For some reason, at the time, I was quite taken by the idea of those walking the roads of Europe in the Middle Ages, scourging themselves until they almost fainted from blood loss, all because they felt unworthy. (Thinking of linking my recent activities with those in times past, my assertion is that there is little in common other then the idea of a road, my motivation is entirely different.)

I’d been recommended the book my housemate of the time, an older guy, Steve, with an extensive library which may or might not have included the complete work of Lenin, and a proper Graduate School education in the US, not our light weight NZ version, we enjoyed many late night discussions over a bottle of whisky, me downing one finger to his fistful.
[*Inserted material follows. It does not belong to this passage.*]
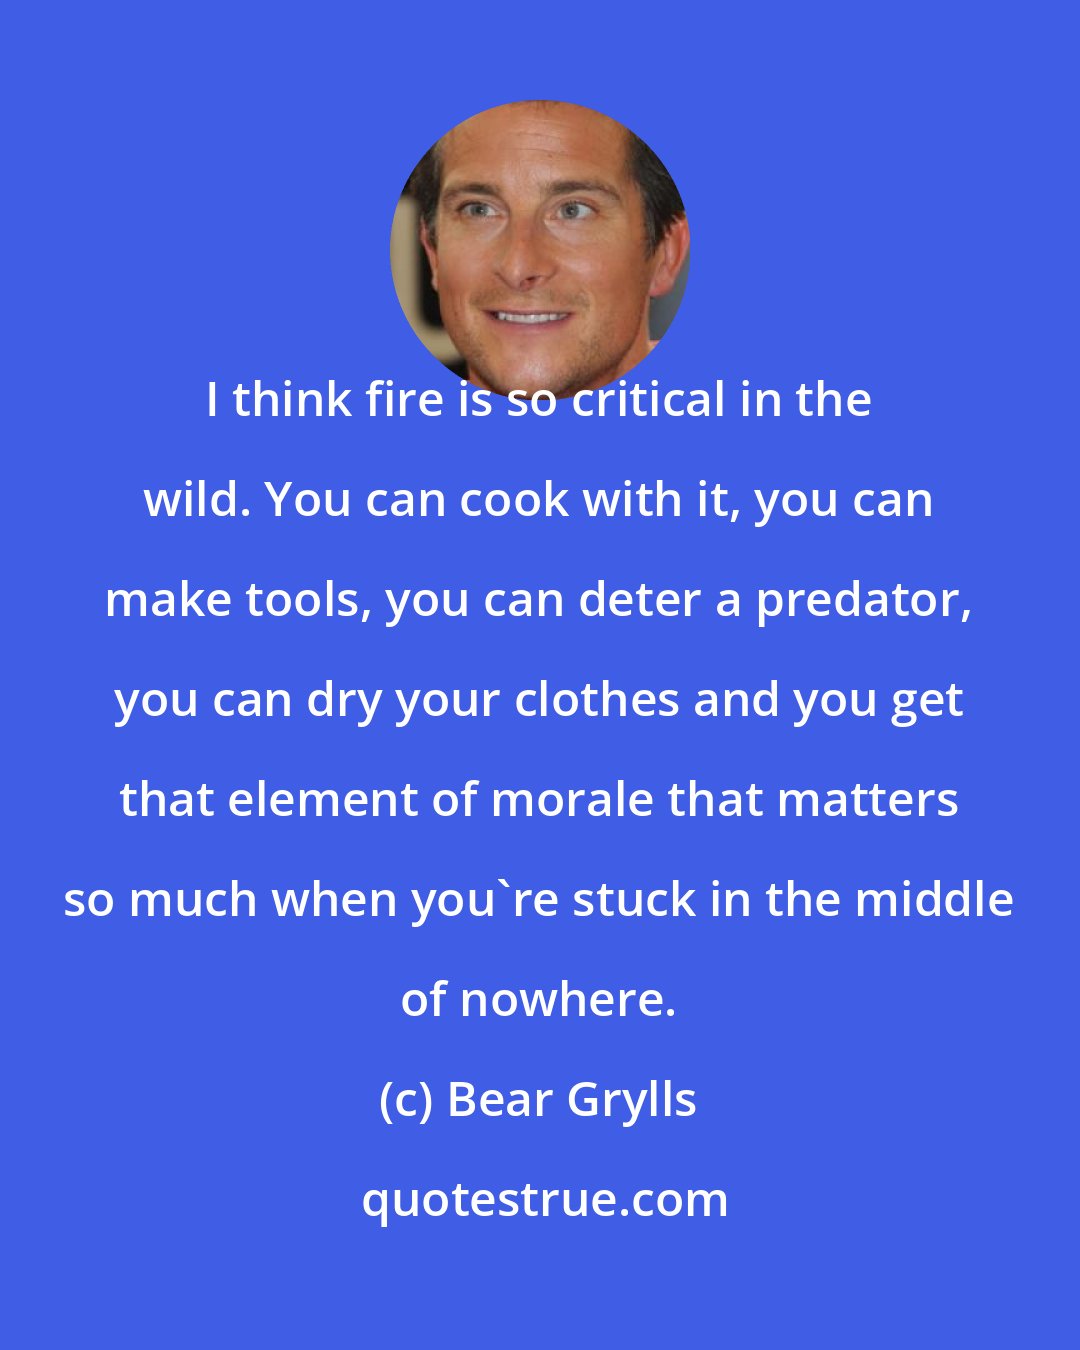 Bear Grylls: I think fire is so critical in the wild. You can cook with it, you can make tools, you can deter a predator, you can dry your clothes and you get that element of morale that matters so much when you're stuck in the middle of nowhere.

Steve also alerted me to a number of books that have stayed on my reading list over the years: Death on the Instalment Plan, by Celine, in fact any of his pre WW2 masterpieces, Journey to the End of the Night. The Instalment Plan has such energy, humour and vitality in the writing, all recounted by the grumpiest, let’s just be honest here, obnoxious narrators in literature, but such humanity behind it, such life.

Also from my reading list was V, by Thomas Pyncheon, more readable than Gravity’s Rainbow, which was once on the most read list of any aspiring pointy head.

Cat’s Cradle, by Vonnegut, also rated highly although it wasn’t my book, I’d brought Catch 22 to the table which Steve felt was acceptable due to my youth but I had to get into those weighty tomes, you had to get the brain power working.

If Infinite Jest has been written, it wouldn’t for another 15 years, it would fit comfortably with all those other uncomfortable reads.

What do I think about another end of the world having survived Jonestown and that horrid 70s Cold War tension when the cruise missiles moved into West Germany?

Pessimistic?

S’pose.

Somehow people’s need for immediate, or short term, gratification and general gross materialism trumps the greater good.

It was 42ºC today, and the warmest December night ever recorded in Melbourne last night, at least not the uncommonly high 45.5ºC of three weeks ago in these parts.

I’m not so much judging others, much, but something’s gotta happen and it might as well start with us.